Start of DATASET RECORDS
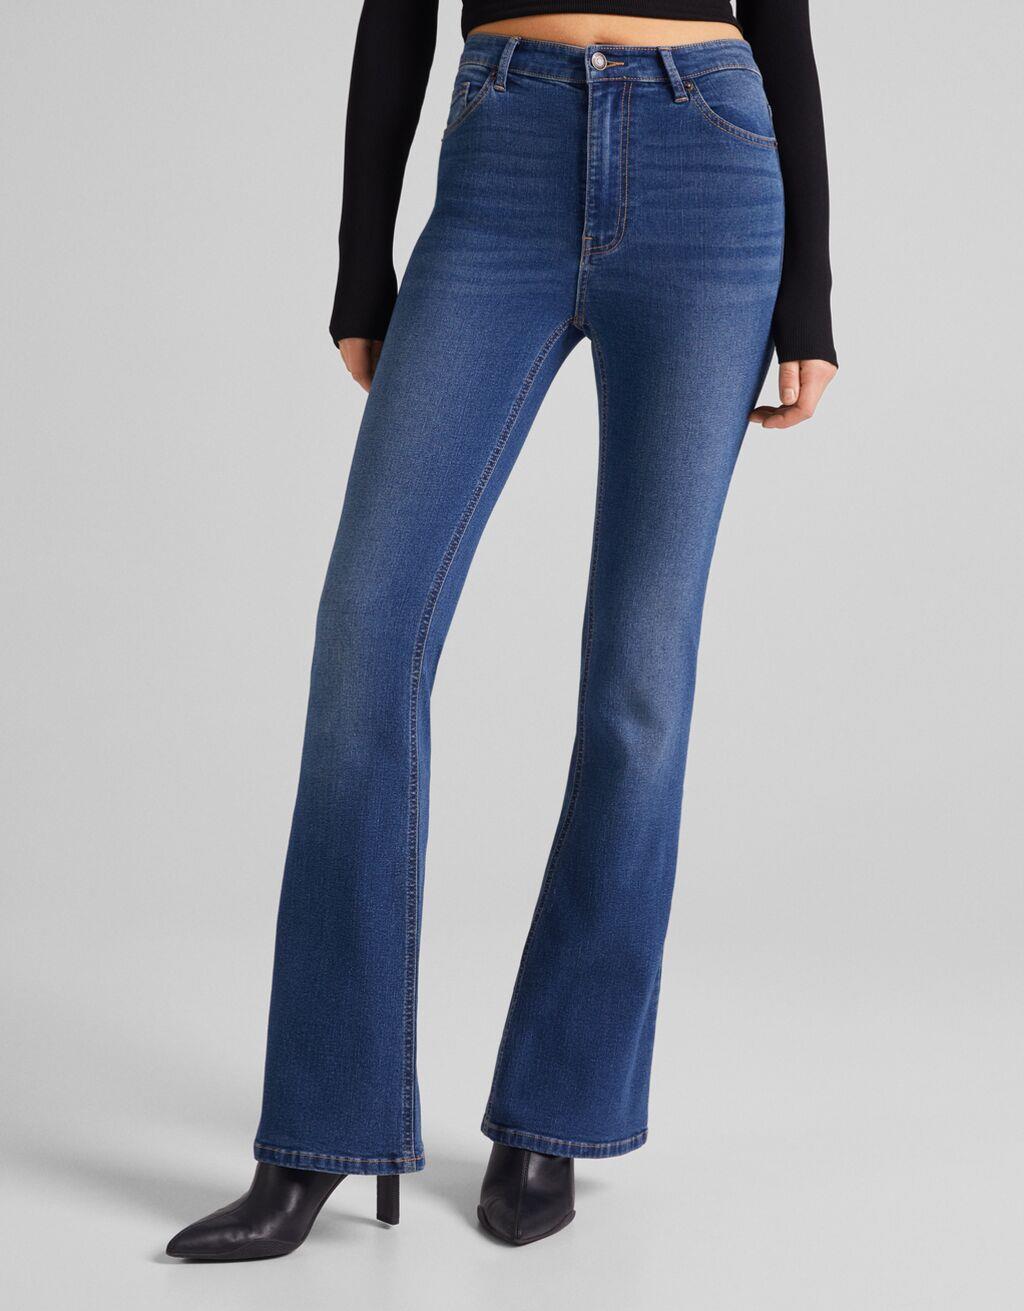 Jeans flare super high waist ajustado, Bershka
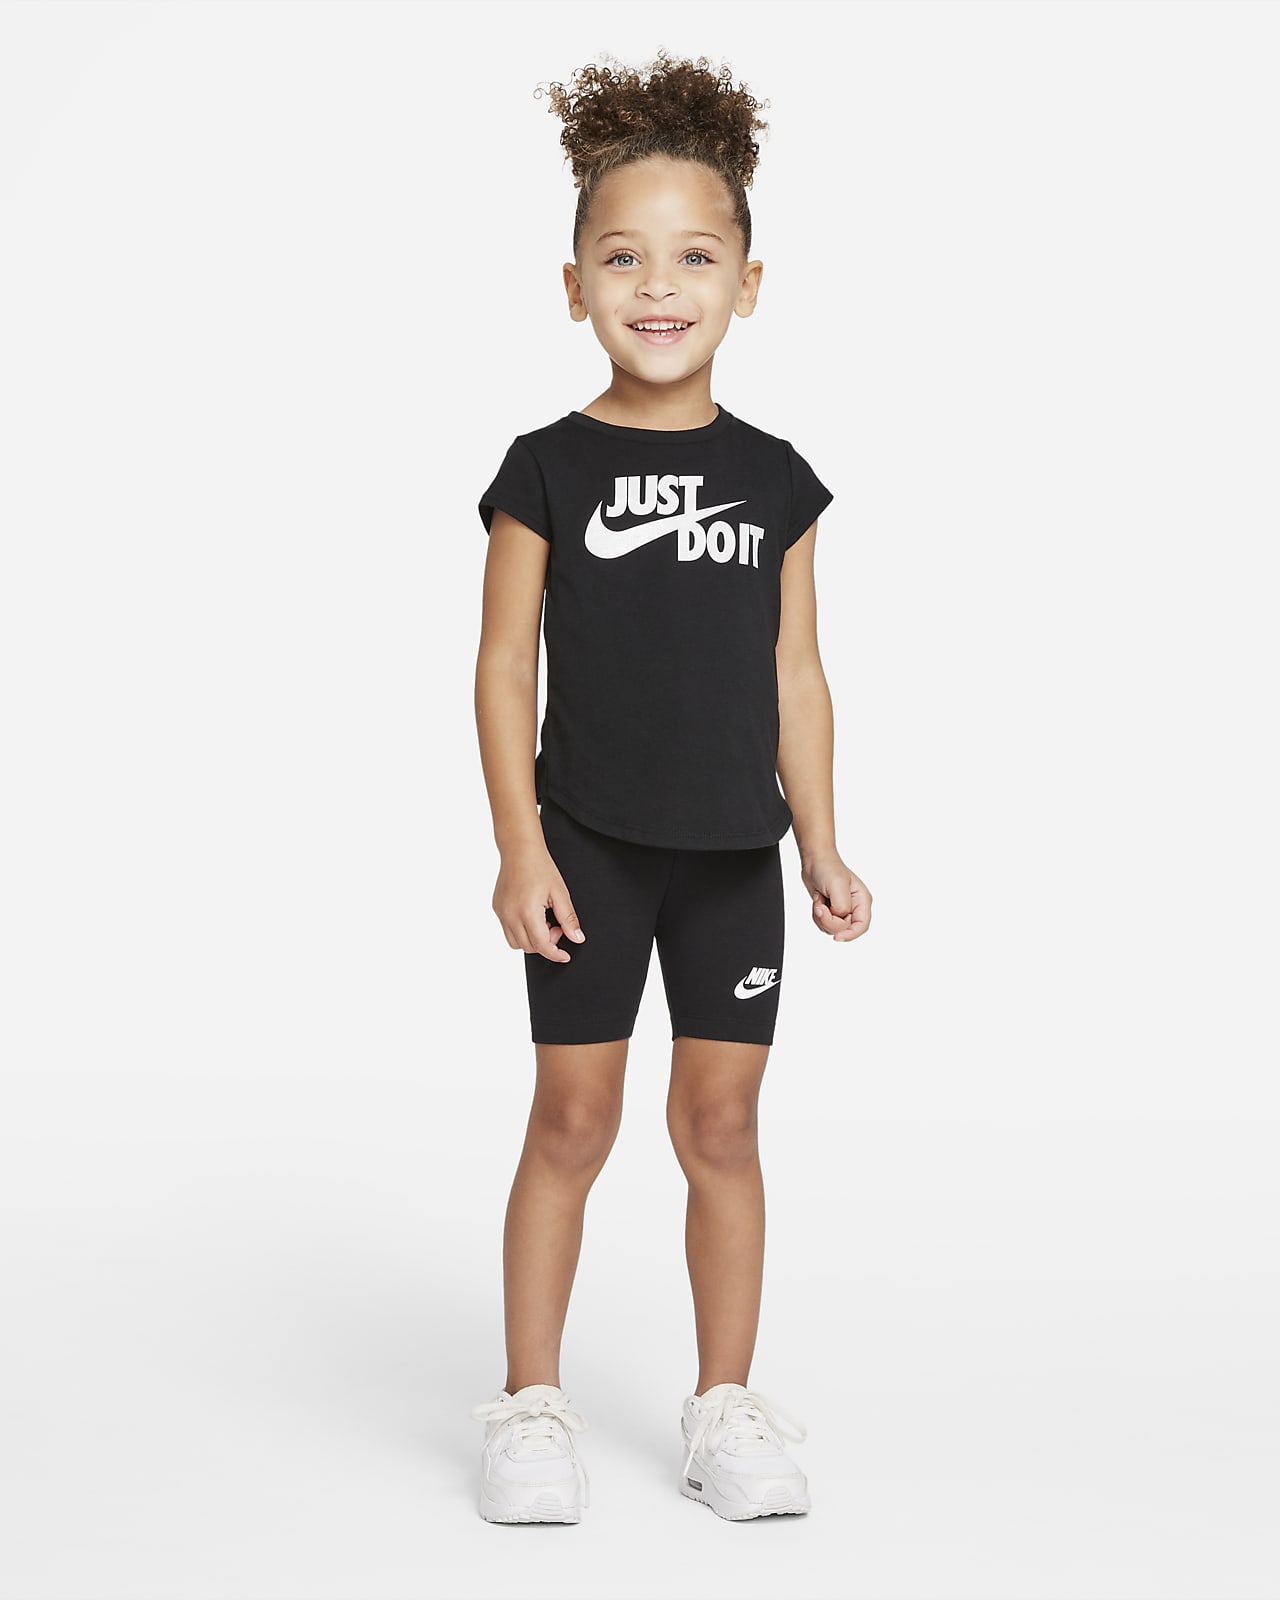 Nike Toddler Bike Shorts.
End of DATASET RECORDS
Start of DATASET RECORDS
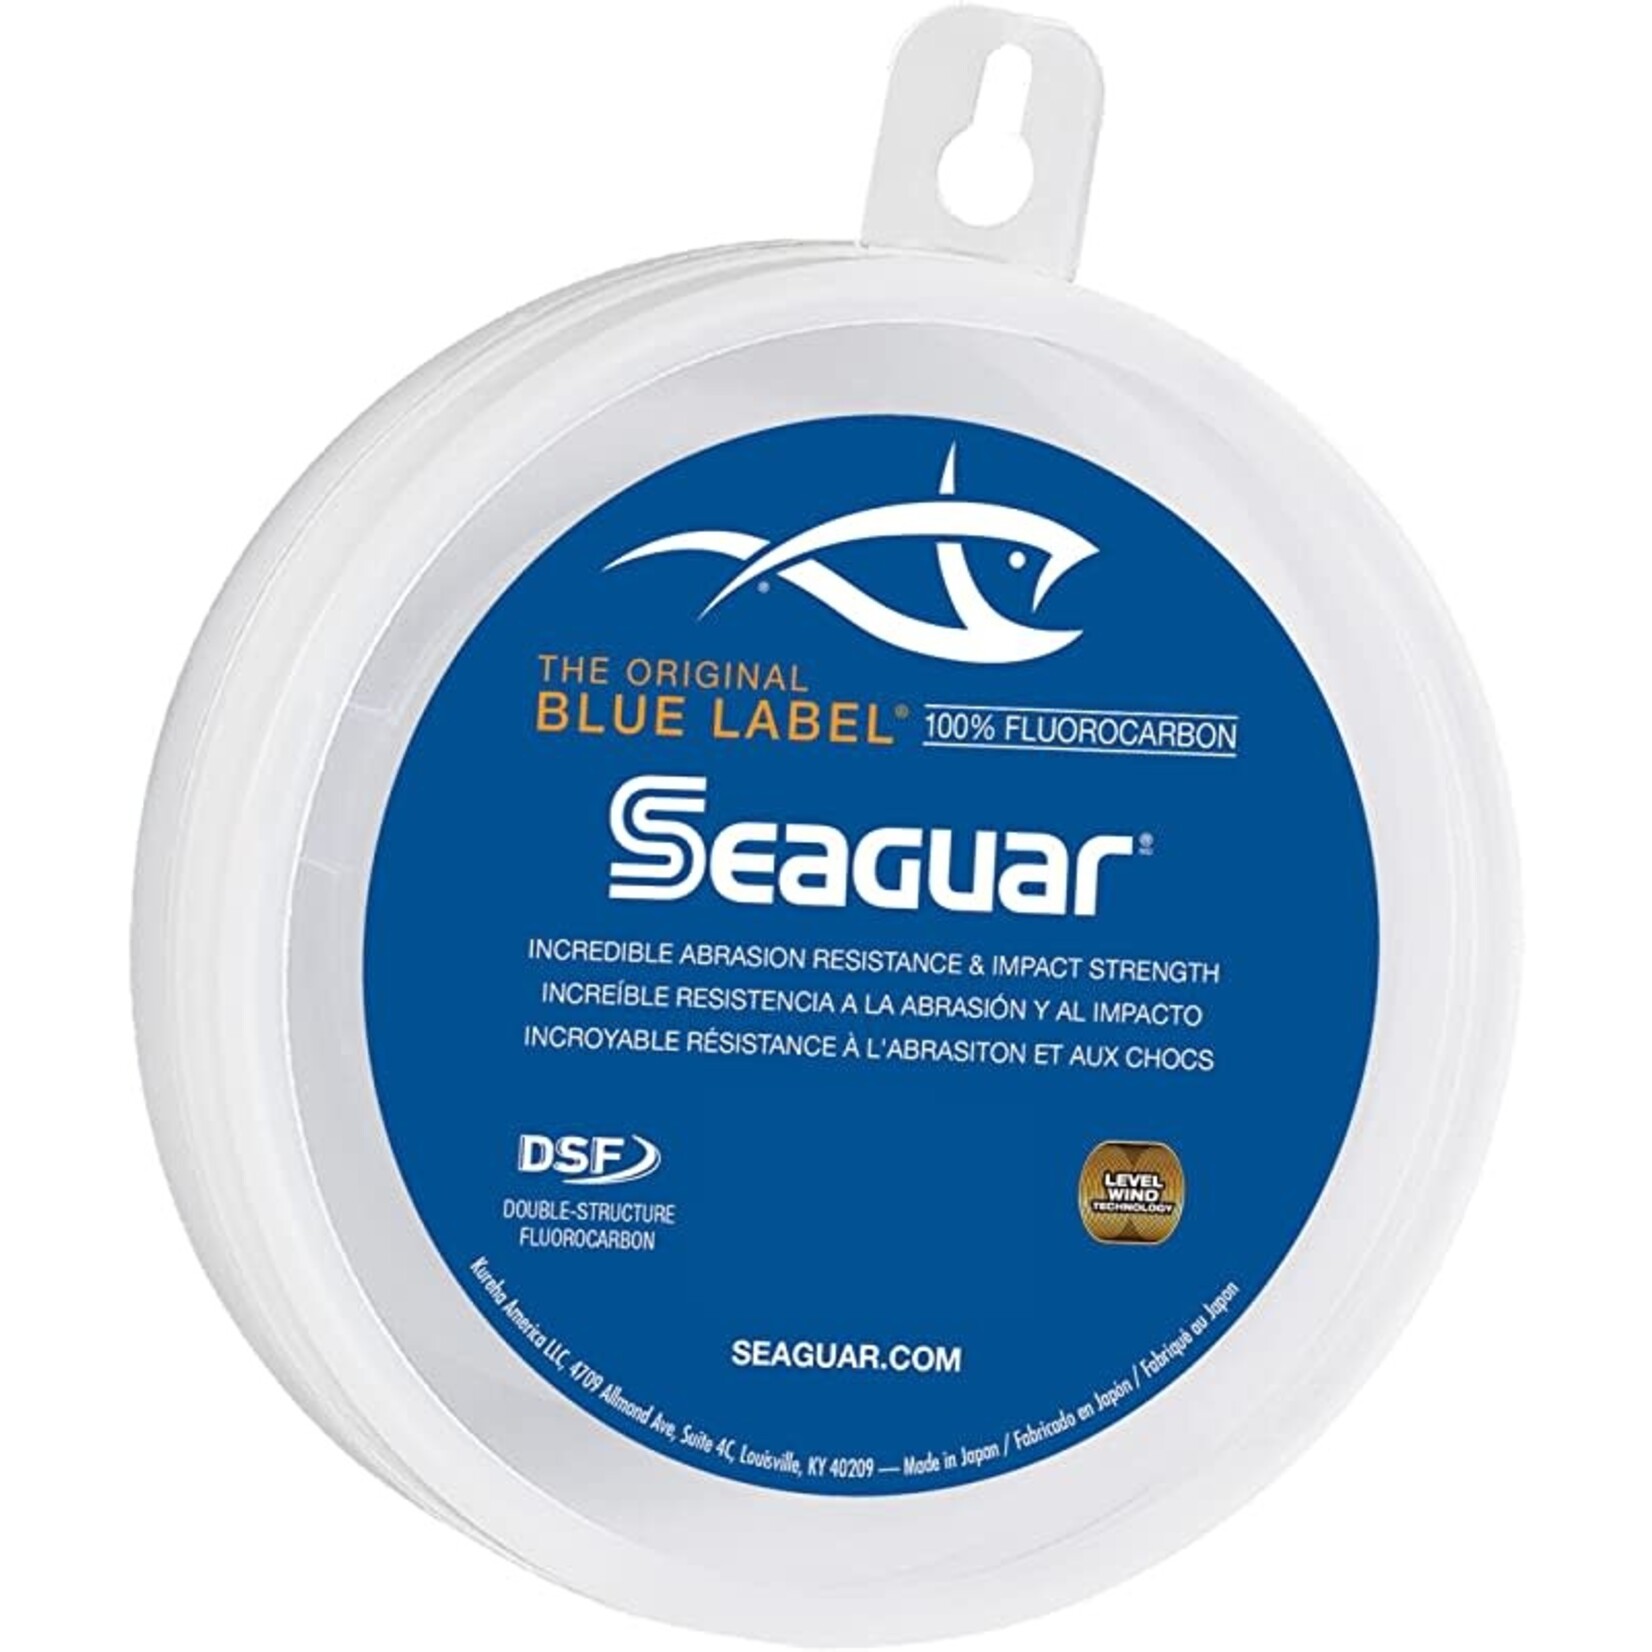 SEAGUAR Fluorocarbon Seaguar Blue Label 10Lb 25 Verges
End of DATASET RECORDS
## YOUR GOAL
Nothing but the lines above from the line with "Jeans flare super" up to and including the line with "Nike Toddler Bike Shorts." should be returned, exactly as written and without pictures.

## SOLUTION
 Jeans flare super high waist ajustado, Bershka
 Nike Toddler Bike Shorts.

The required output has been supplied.